In the GS-441524 group, 42 (71.2%) cats had effusive FIP and the remaining 17 cats had non-effusive FIP. Pyogranulomatous lesions were found in the abdominal cavity in 11 cats, and 16 (27.1%) showed neurological or ocular signs. In the molnupiravir treatment group, FIP was effusive in 36 (61.0%) and non-effusive in 23, pyogranulomatous lesions were found in the abdominal cavity in 22 cats, and 20 (33.9%) had neurological or ocular signs of FIP.

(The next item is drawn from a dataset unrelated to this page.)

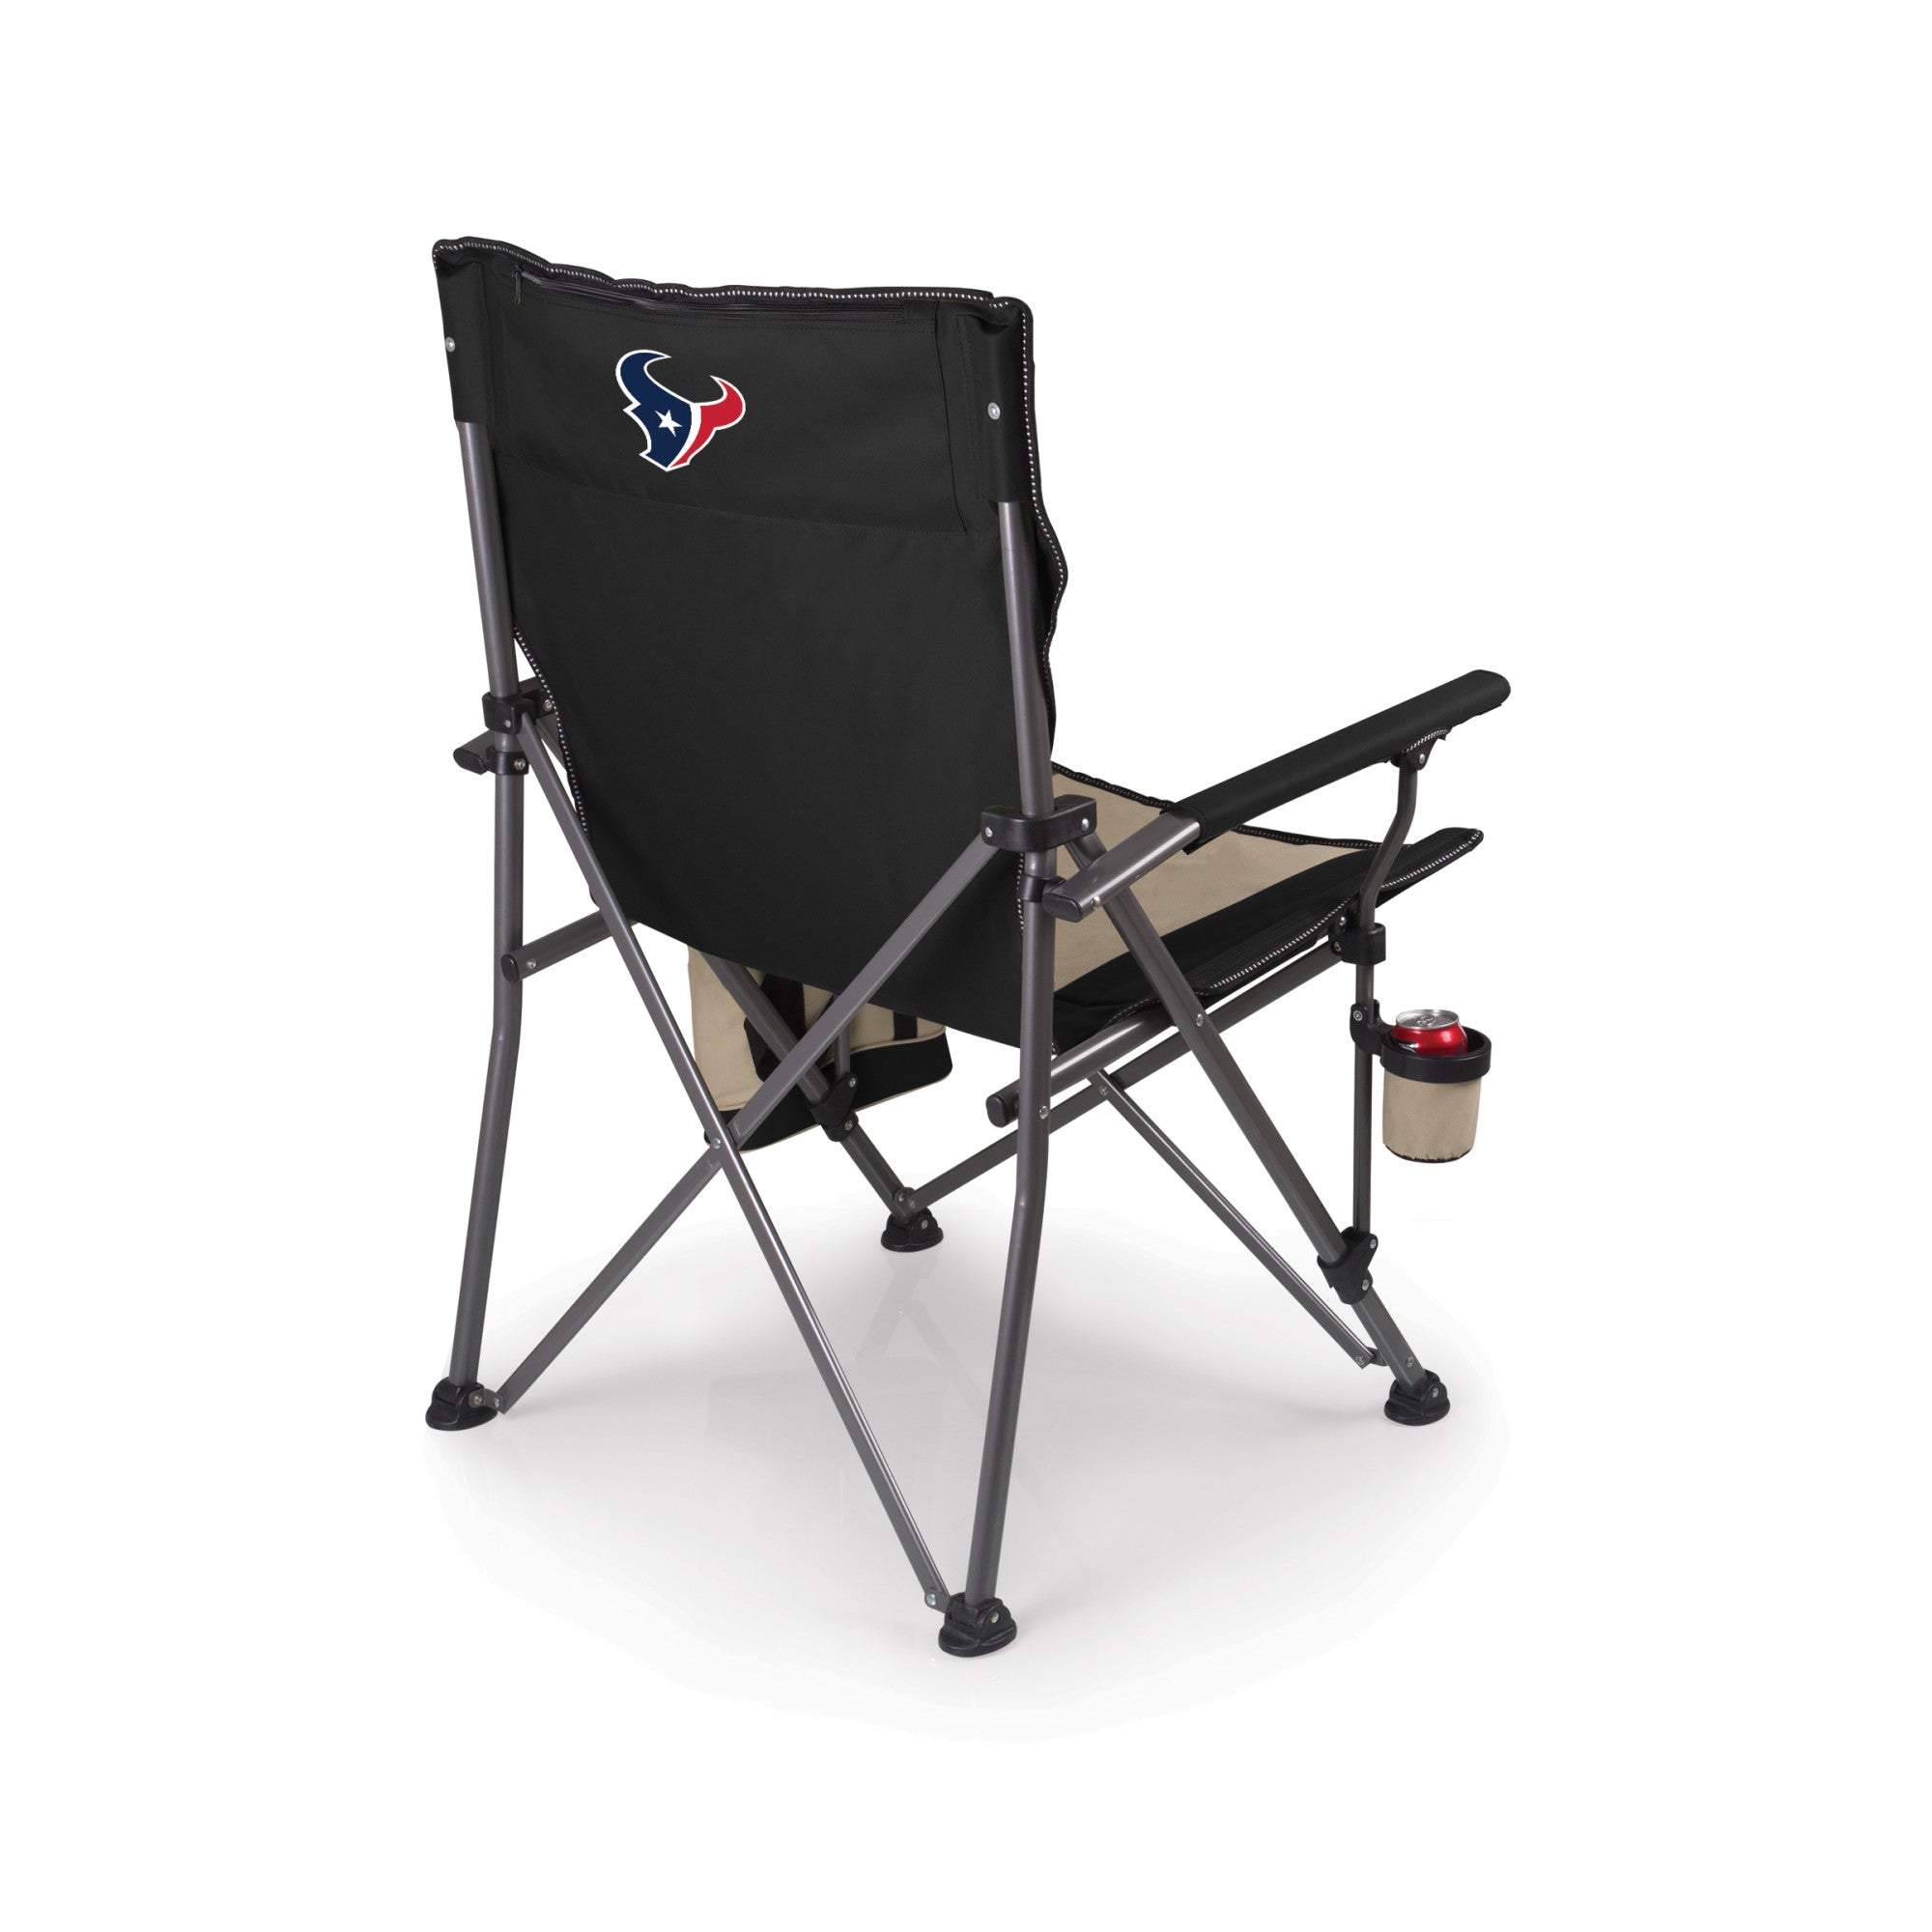 Houston Texans - Big Bear XXL Camping Chair with Cooler
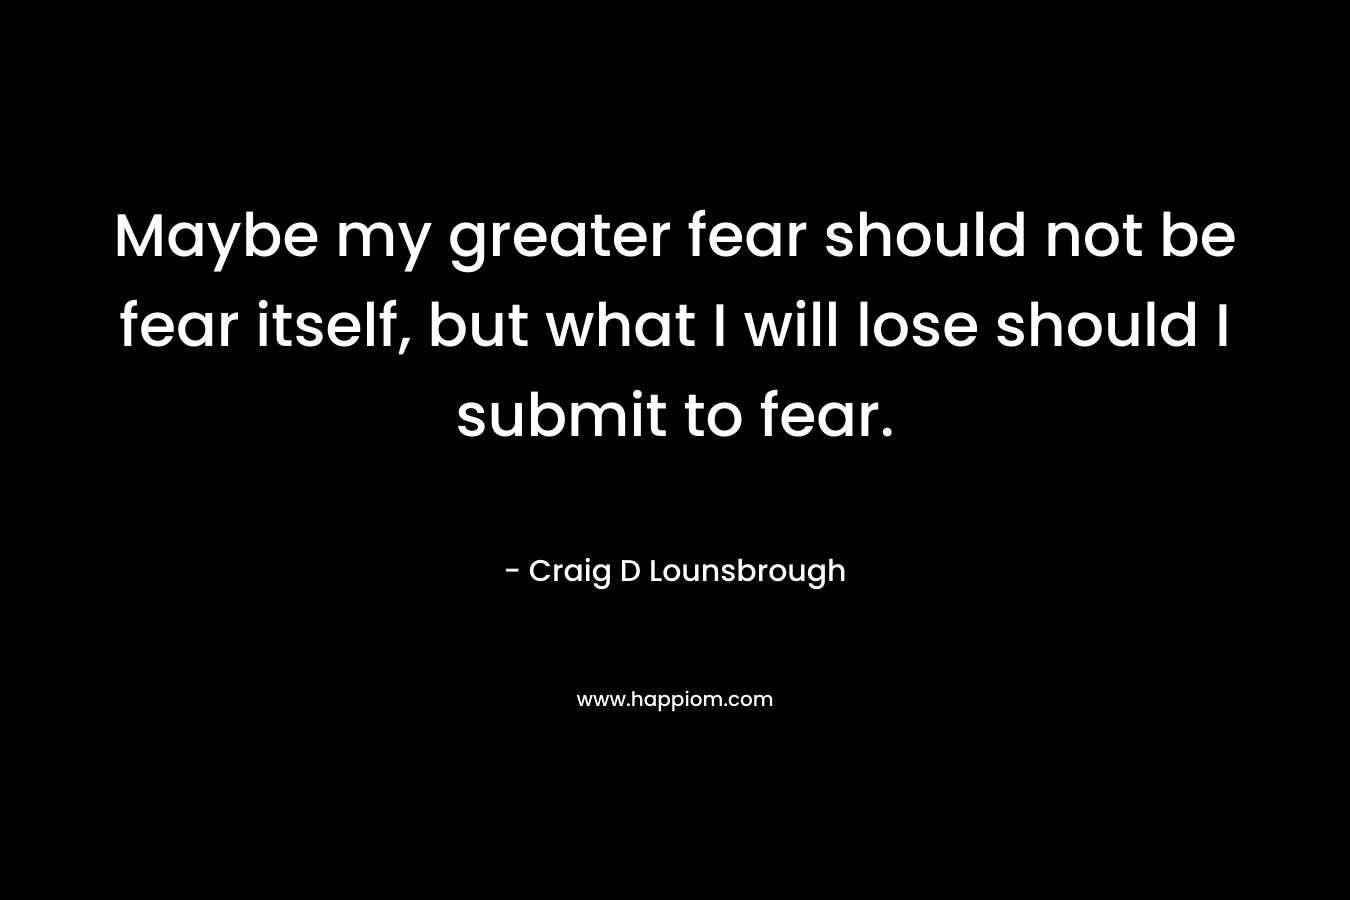 Maybe my greater fear should not be fear itself, but what I will lose should I submit to fear.

3.2 Administration and dose

Twenty-nine of the cats in the GS-441524 group were treated between July 2020 and December 2021 (when that was the only available treatment), and 30 received GS-441524 during the period when molnupiravir was also available.

The median duration from the estimated date of disease onset to initiation of antivirals was 10 (range 1–210) days.

Overall, 48 (81.3%) cats completed 84 days of administration with GS-441524, and 52 (88.1%) with molnupiravir.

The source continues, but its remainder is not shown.